- [DESCRIPTION OF THE TASK]: Take the line with "OPSEU Constitution - SEFPO Statuts du SEFPO" and every line after it, through the end of the listing, and give them again exactly, pictures excluded.
** PROVIDED DATA follows **
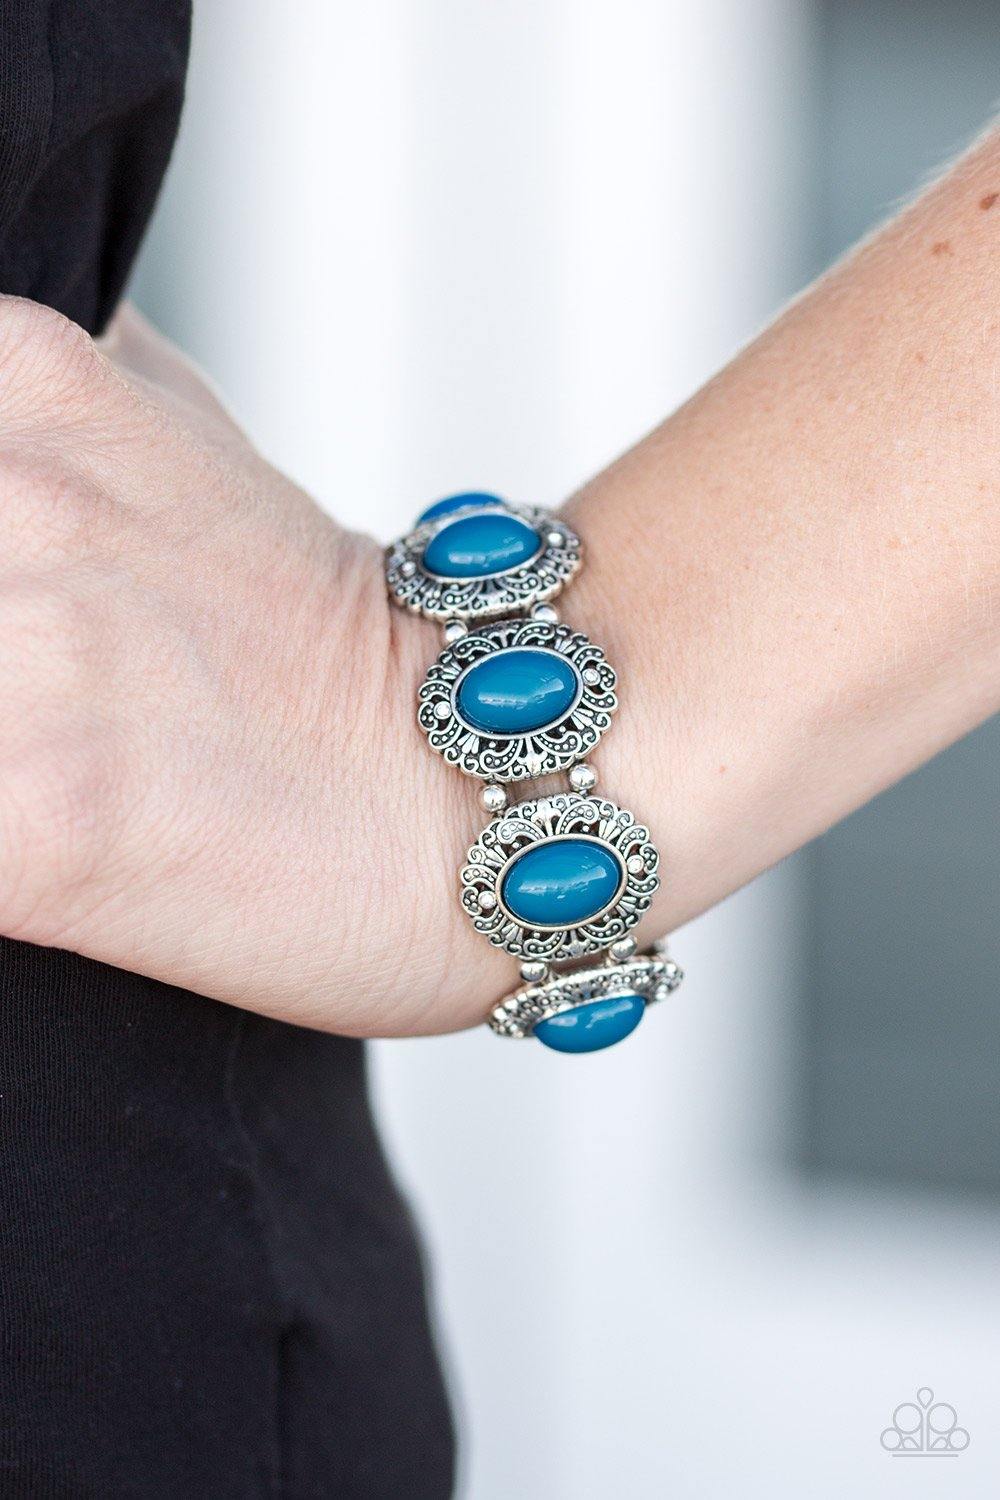 Ventura Vogue Blue Bracelet - Nothin' But Jewelry by Mz. Netta
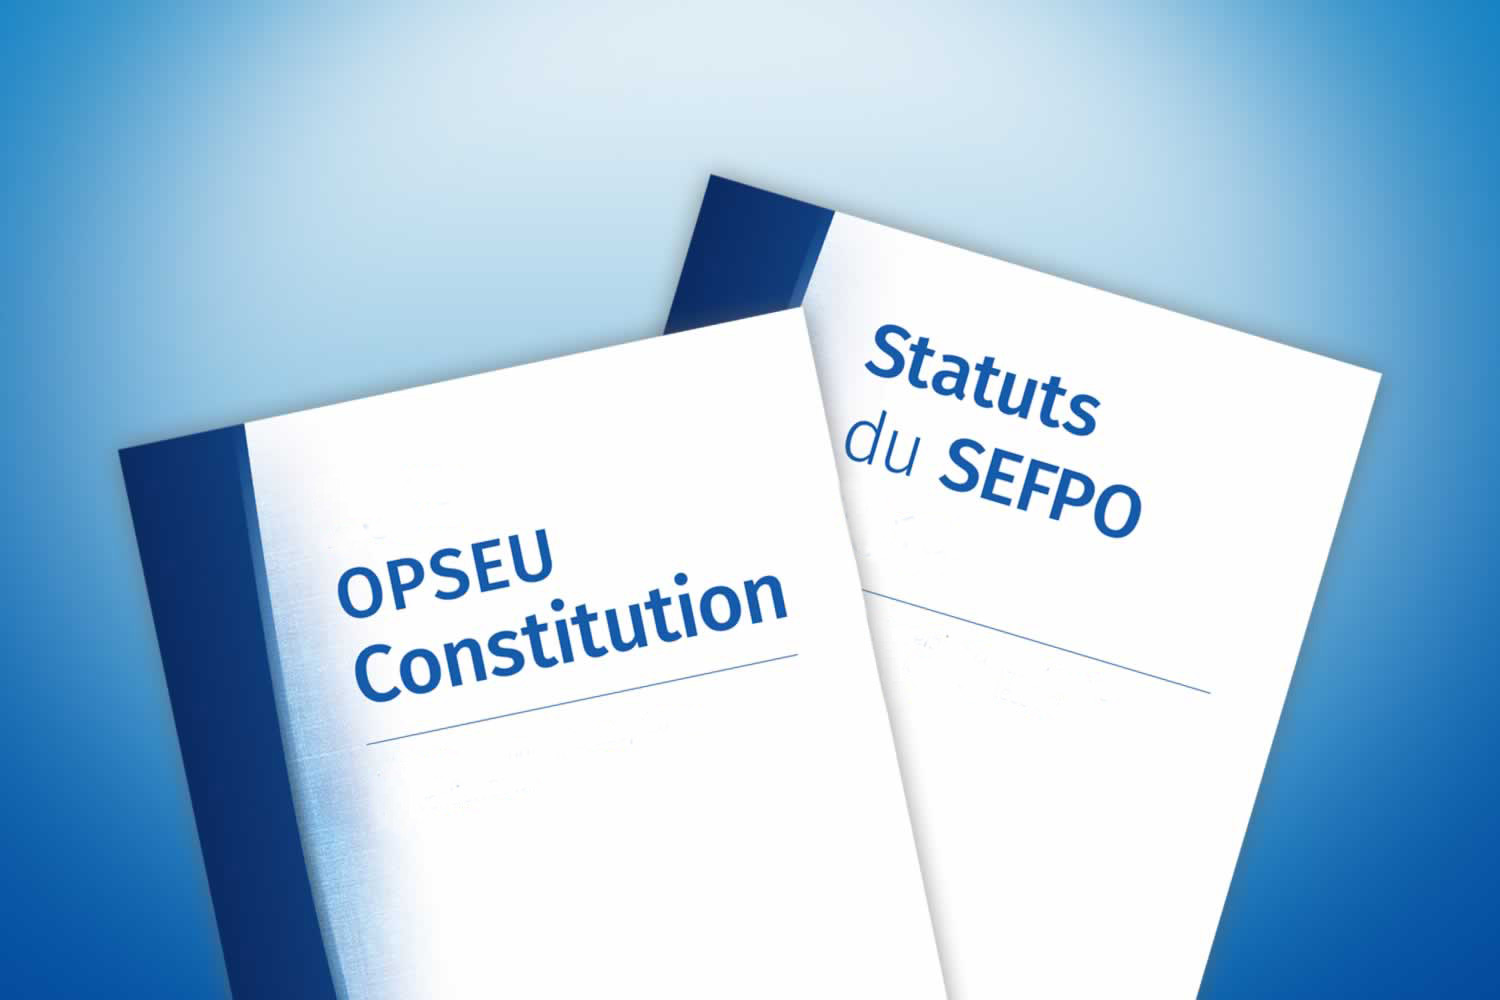 OPSEU Constitution - SEFPO Statuts du SEFPO
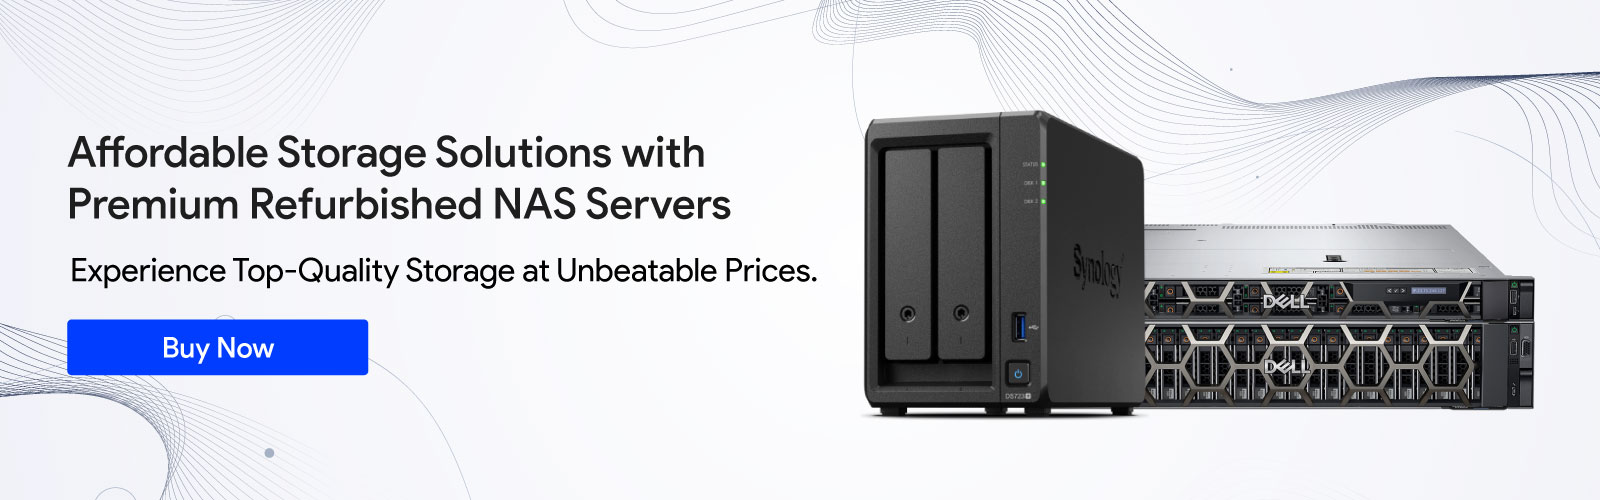 Refurbished-NAS-Storage-Servers-Price-list
** End of PROVIDED DATA **
- [OUTPUT]:
 OPSEU Constitution - SEFPO Statuts du SEFPO
 Refurbished-NAS-Storage-Servers-Price-list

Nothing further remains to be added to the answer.